First something by him, then some comments from me.

>Date: Thu, 13 Jun 1996 22:06:15 -0400
>From: Michael Weiss <>
>Subject: The mystery of boson statistics

Reply-To: (Michael Weiss)

Here's what I had in mind when I said, with careless abandon,
that you get the creation operator by symmetrizing the operation of
tensoring on the left.

Let's write ab for a tensor b. Also let's say we have a huge
bucketful of particles, all in orthogonal normalized states, a,b,c,...

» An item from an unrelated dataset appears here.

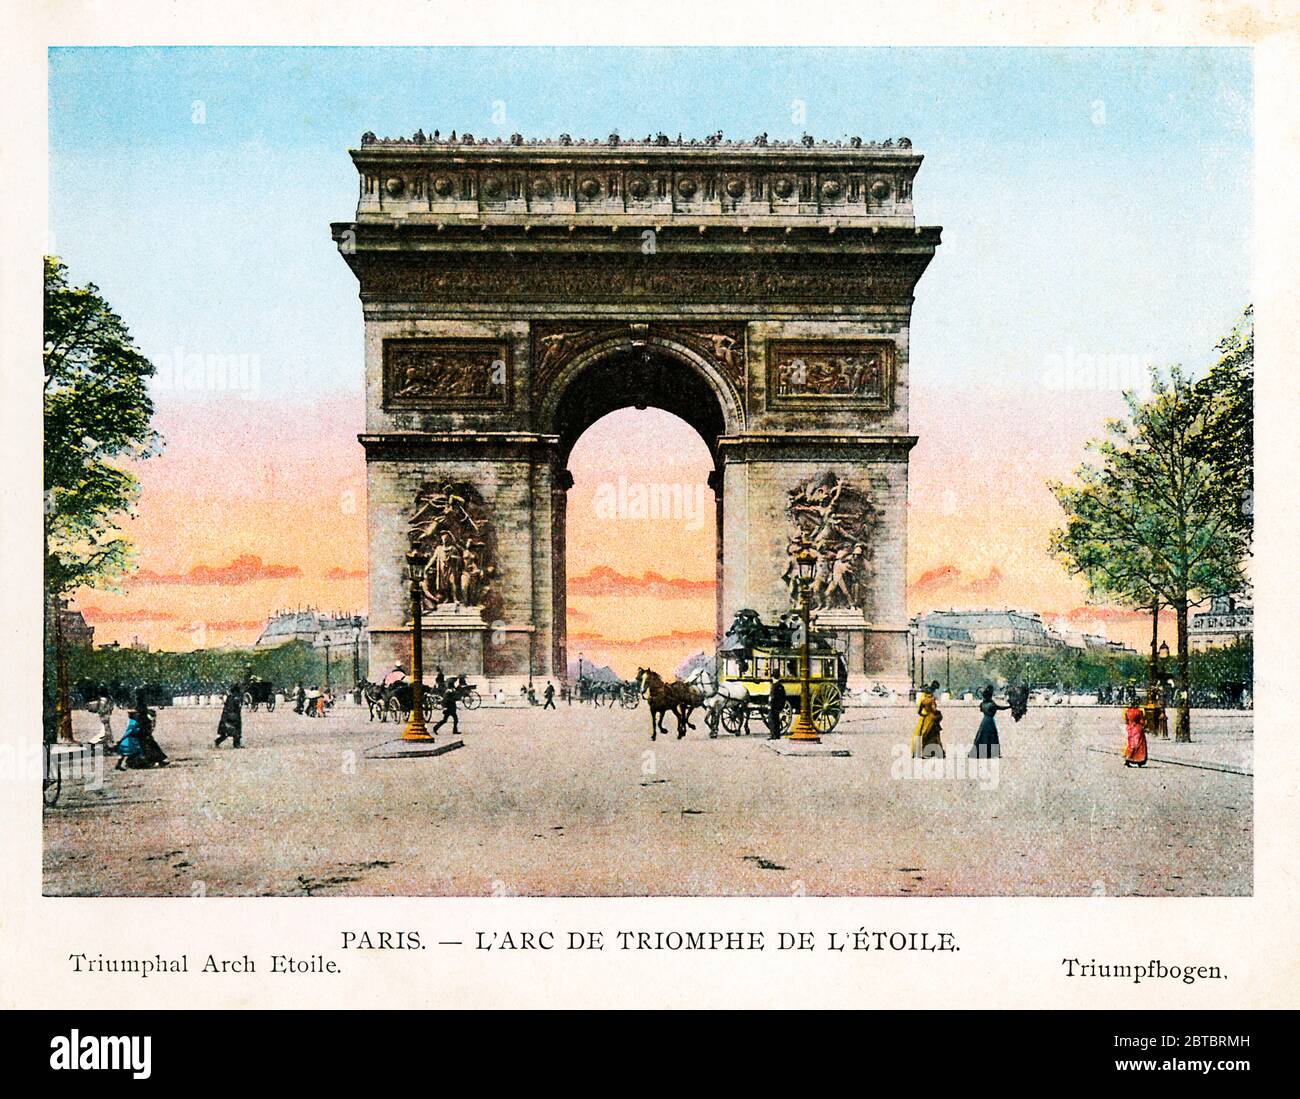 Arc de Triomphe de L'Étoile, París 1900 Fotografía en color del famoso monumento francés a las guerras revolucionarias y napoleónicas, iniciado por Bonaparte en 1806 y terminado en 1836 Foto de stock

First let's keep tossing new distinguishable particles into the brew:

a --> ab
ab --> abc
abc --> abcd

(OK, so I'm tensoring on the right. But I *drive* on the left...)

Now let's do it with bosons (to the tune of "Send in the Clowns").
Symmetrize both sides:

a --> ab + ba
ab + ba --> abc + acb + bac + bca + cab + cba
abc + ... + cba --> abcd + ... + dcba

We don't bother with pesky little factors 'cause we're imbued with the
free-wheeling spirit of the 60s. Anyway, why this factor rather than
that one?

A simple calculation now shows that the norm of

v_1 = a is sqrt (1!)
v_2 = ab + ba is sqrt (2!)
v_3 = abc + ... + cba is sqrt (3!)

So let w_n be v_n/||v_n||, so v_n = sqrt(n!) w_n. So we have:

sqrt (n!) w_n --> sqrt((n+1)!) w_{n+1}


w_n --> sqrt(n+1) w_{n+1}

Now we blithely assume that this works also when we add particles
in the *same* state, because (take your pick):

a) of continuity.
b) aa demands equal treatment with ab, or it threatens to sue.
c) it does.
d) we're feeling really blithe today, having just overdosed on

I claim this for the above derivation, *and no more*:

1) It's simple.
2) It gets the right answer.


Yes, I am aware of the defects in this argument. After spending a
couple of hours staring at the treatments in Dirac, in Feynman, and in
Weinberg's new QFT book, I conclude that there is no totally
convincing argument--- no proof that it *has* to be that way. The
most anyone can do is make it look plausible. Of course, if you
*start* with commutation relations [C,C*] = 1, then you can come up
with the factor sqrt(n) by the usual route.

Right now, the closest I have to an "aha" remark is this observation.
The obvious symmetrizing operator is

S(ab...g) = (1/n!) Sum (all n! permutations of a,b,...,g)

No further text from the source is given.